The algorithms were applied to a difficult data set, in which the two spike clusters were very close to each other. The error rate of the algorithms was maximal in this case (when clusters are further apart, lower detection and alignment error rates are obtainable). For the sake of comparison, we also performed an experiment based solely on maximum detection (marked Maximum in the table), where spikes are aligned to the first maximum of the signal following threshold crossing. Based on these results, three observations can be made: (a) the MPA algorithm performs as well as the software D&A, but incurs a high computational complexity; (b) the MITA algorithm achieves about 99% precision at about 0.05% of the complexity (relative to PCA); (c) MITA constitutes the "knee point" of the complexity versus error graph, and is thus suggested as the preferred architecture. We have considered low-power architectures and algorithms for spike detection and alignment (D&A). Such systems may be useful for implanting near recording electrodes, or for using in large multi-electrode arrays, in either research or clinical applications. These systems enable substantial reduction of the communication bandwidth, which is essential when a large number of recording electrodes is involved.
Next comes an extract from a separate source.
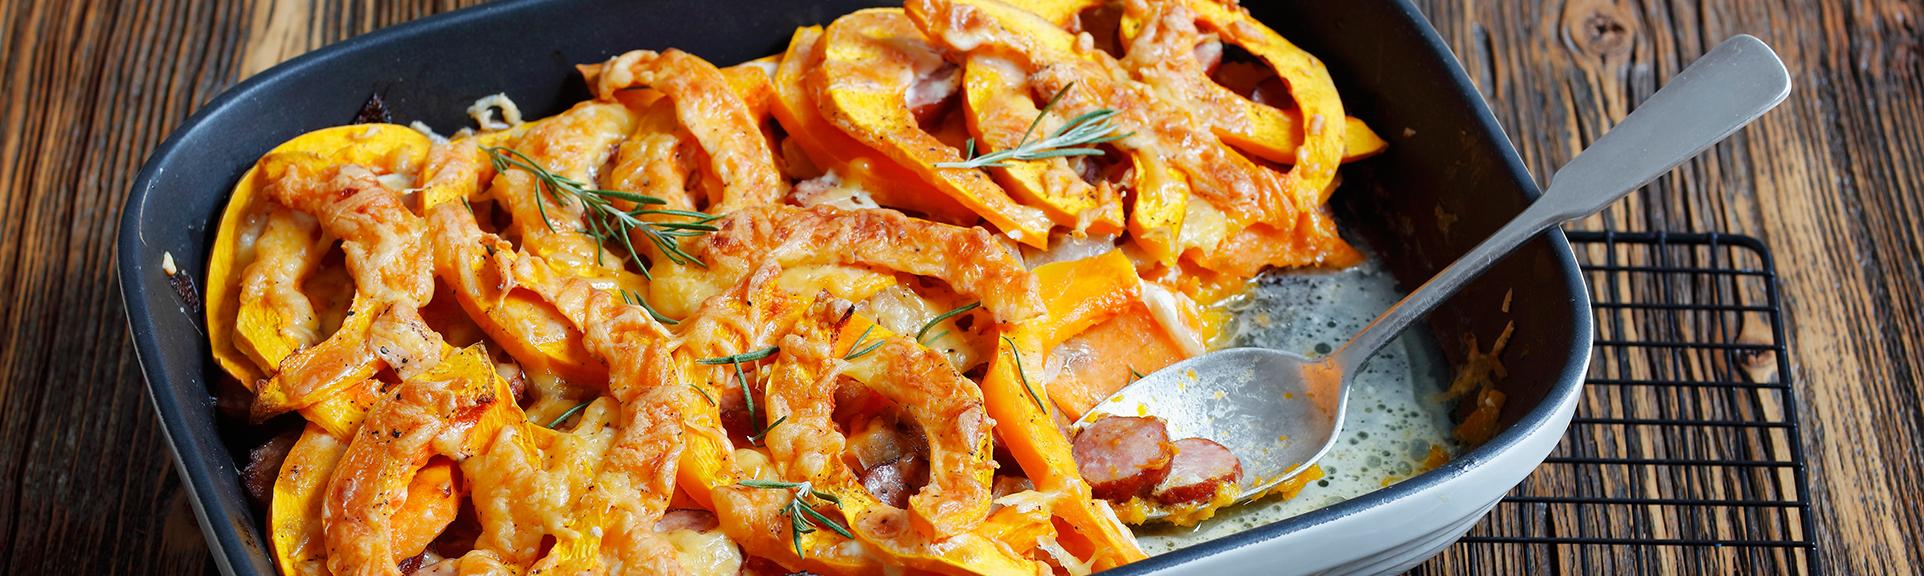 Headerabbildung für das Rezept Kürbis- und Süßkartoffelgratin mit Wurst

Three VLSI architectures have been described and analyzed Maximum Projection Alignment (MPA), Maximum Integral Transform Alignment (MITA), and Segmented PC (K-PC). The algorithms have been simulated with real data obtained from neuronal recordings. The results are analyzed in terms of classification errors (relative to sorting achieved with software PCA classification) and computational complexity (estimated based on the number of additions and multiplications). The MITA algorithm yields only marginal accuracy degradation relative to MPA, while incurring only a very small fraction of the computational complexity. Thus, we have selected the MITA algorithm for power-efficient spike detection in a neuronal processing integrated circuit.